Kugelblitz is a geon I think
Geons are annoying
I think there's no exact solution of a geon
 
Do people actually say kugelblitz in practice
 
In practice people don't really talk about geons
But usually they just say geon yeah
 
5:42 PM
@Mithrandir24601 His education is severely lacking in pop culture
 
@ACuriousMind I wouldn't even call it 'pop culture', just 'modern culture'
 
what was Ryan even doing when he was a kid
 
maths?
 
He wasn't doing math, that I know
 
5:43 PM
When I met him he didn't know how a logarithm worked
 
@Slereah playing battlefield
 
How utterly plebeian
 
Check out the speed and precision of young Japanese drummer, Senri Kawaguchi playing Ladies Talk. Yes, it's jazz fusion, but I don't think you need to be a jazz fan to appreciate her playing.
 
@Slereah what
@ACuriousMind what?
Pretty sure I understand post 2000 pop culture
 
He's calling us old
the cheek
 
5:46 PM
Good evening humans
 
Anything before that is baffling to me.

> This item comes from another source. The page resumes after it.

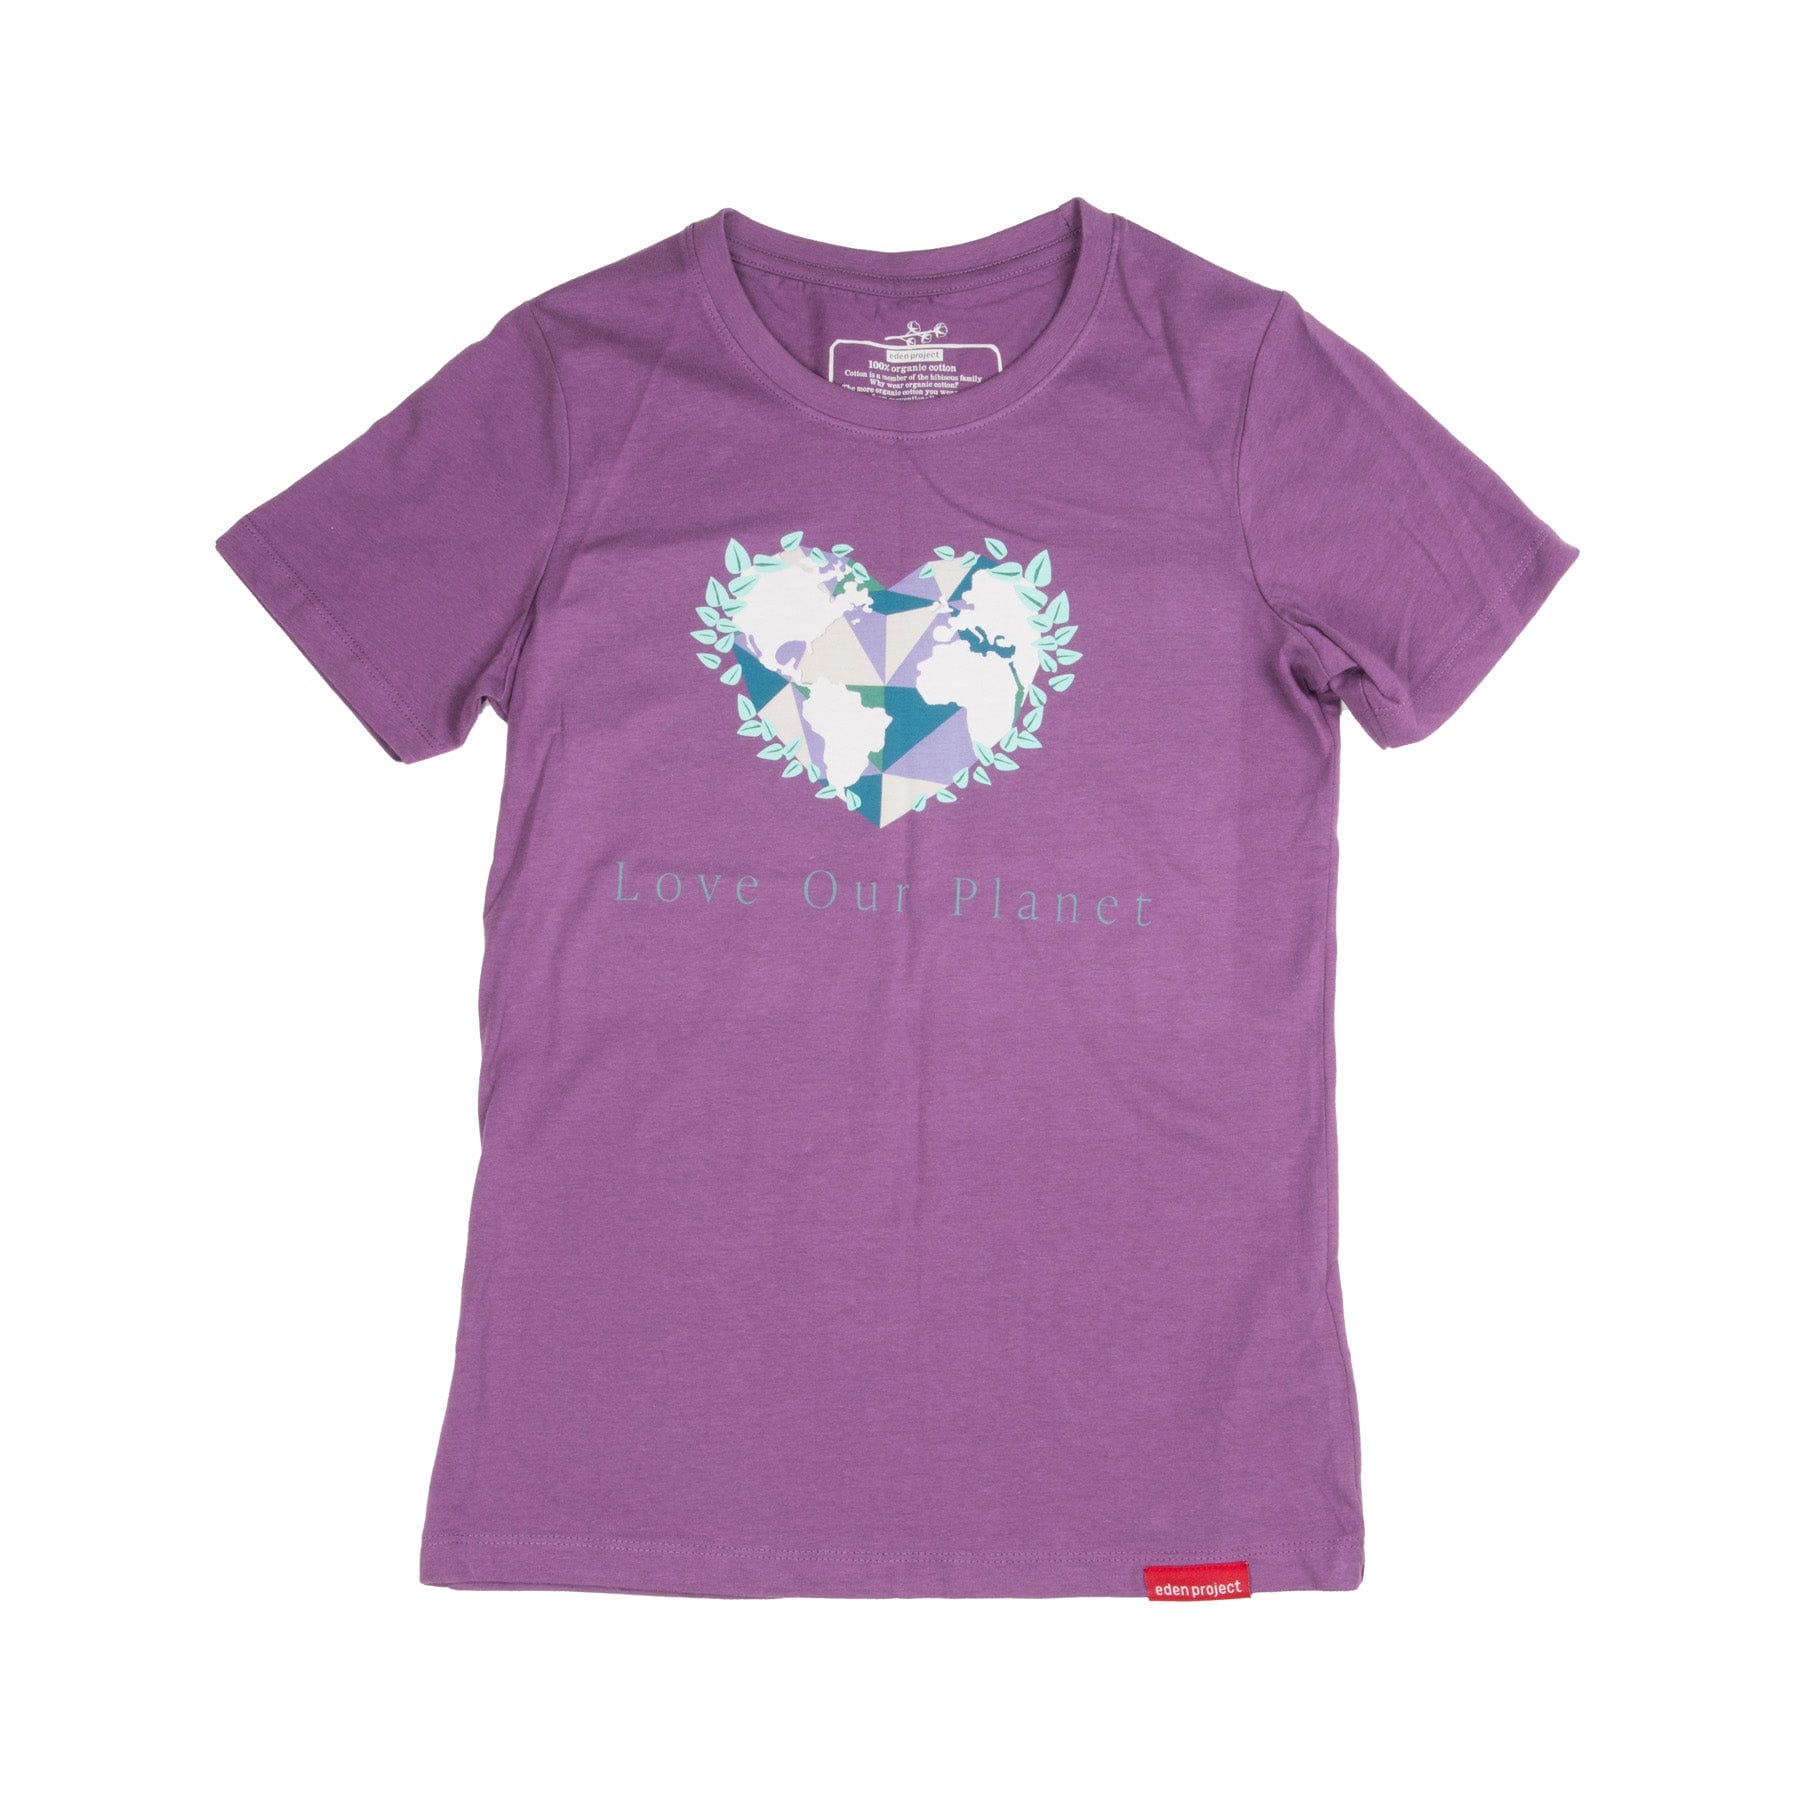 Purple t-shirt with eco-friendly design featuring a heart-shaped Earth surrounded by leaves and the phrase 'Love Our Planet' displayed on a white background.
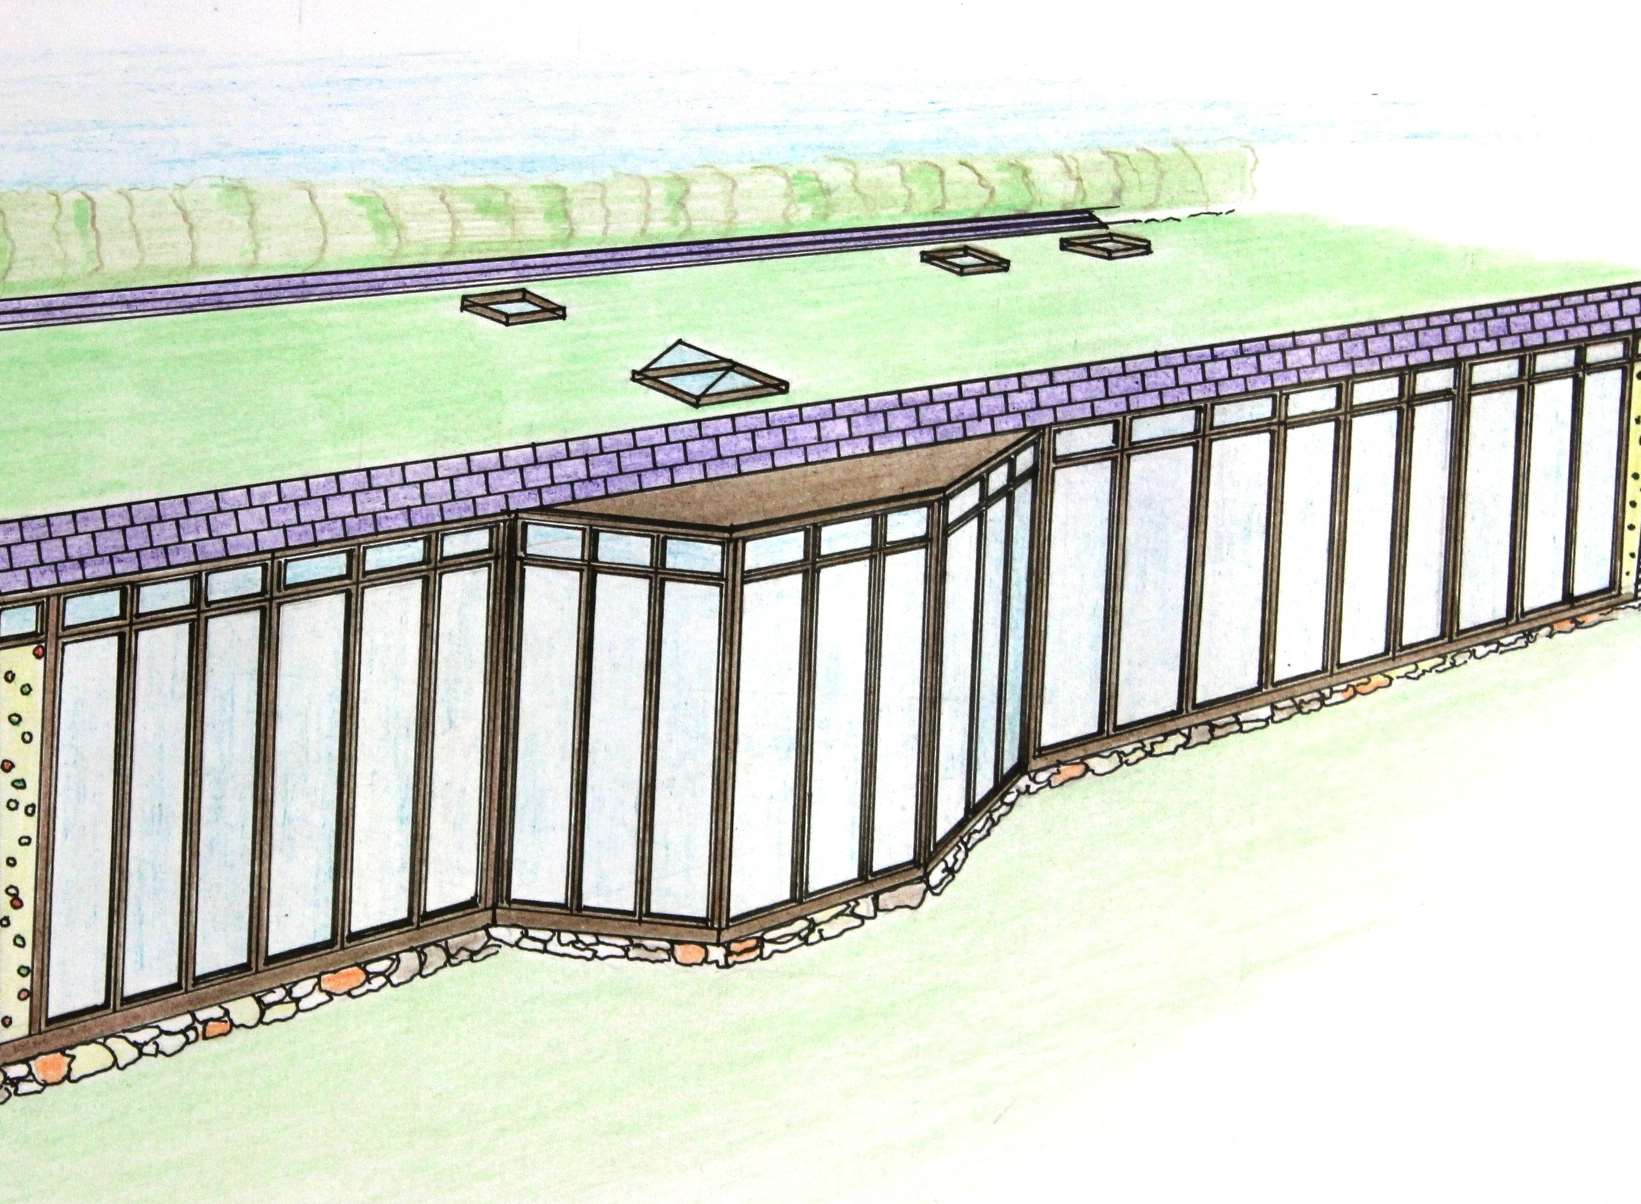 Sav's artist's impression of what the house will look like when finished

It’s strictly inferior to modern stuff
It runs purely on nostalgia
 
Apr 9 '16 at 20:27, by 0celo7
is $\ln x^y=y\ln x$ correct
 
Lol 2016
 
Sep 9 '15 at 14:05, by 0celo7
after 900 hours in battlefield and 1000 in CoD
 
Ok battlefield 3
Yeah I played that a lot
The CoD number is a guess
The crazy thing is that my aiming skills with a controller have atrophied an insane amount since then
It’s not like riding a bike
 
5:50 PM
@RyanUnger I have 200+ hours
 
Aren’t you like 15
 
It’s an 8 year old game
 
time passes
@RyanUnger I played it years ago
 
900 hours over 3 years isn’t really that much is it
 
5:53 PM
I would say it's not much, but then again I'm an avid gamer :P
 
@ACuriousMind did you see the Witcher trailer
 
@Slereah I recommend a serious first principles write-up of BRST for point/spinning particles and EM, YM, Bosonic and Fermionic strings instead
 
@bolbteppa I am planning to do it yeah
For the article on extended objects
 
Still not happy with it at all, e.g. why you'd even think of it from YM
 
I would like to find some source for constraint mechanics done from like
a math perspective
 
6:05 PM
Constraint mechanics?
 
I'm still not 100% sure everything is all proper in the sources I've seen
@RyanUnger Gauge stuff for hamiltonians
 
Henneaux Teitelboim...
 
The Henneaux book is probably the best bet
 
yeah I got that one
Also got the Dirac book
 
Those videos calmed me down about this stuff, feel like the main point was conveyed modulo minor 'details'
But BRST is an animal unto itself
 
6:07 PM
I used to make minecraft servers when I was 12. I actually made some bucks from them.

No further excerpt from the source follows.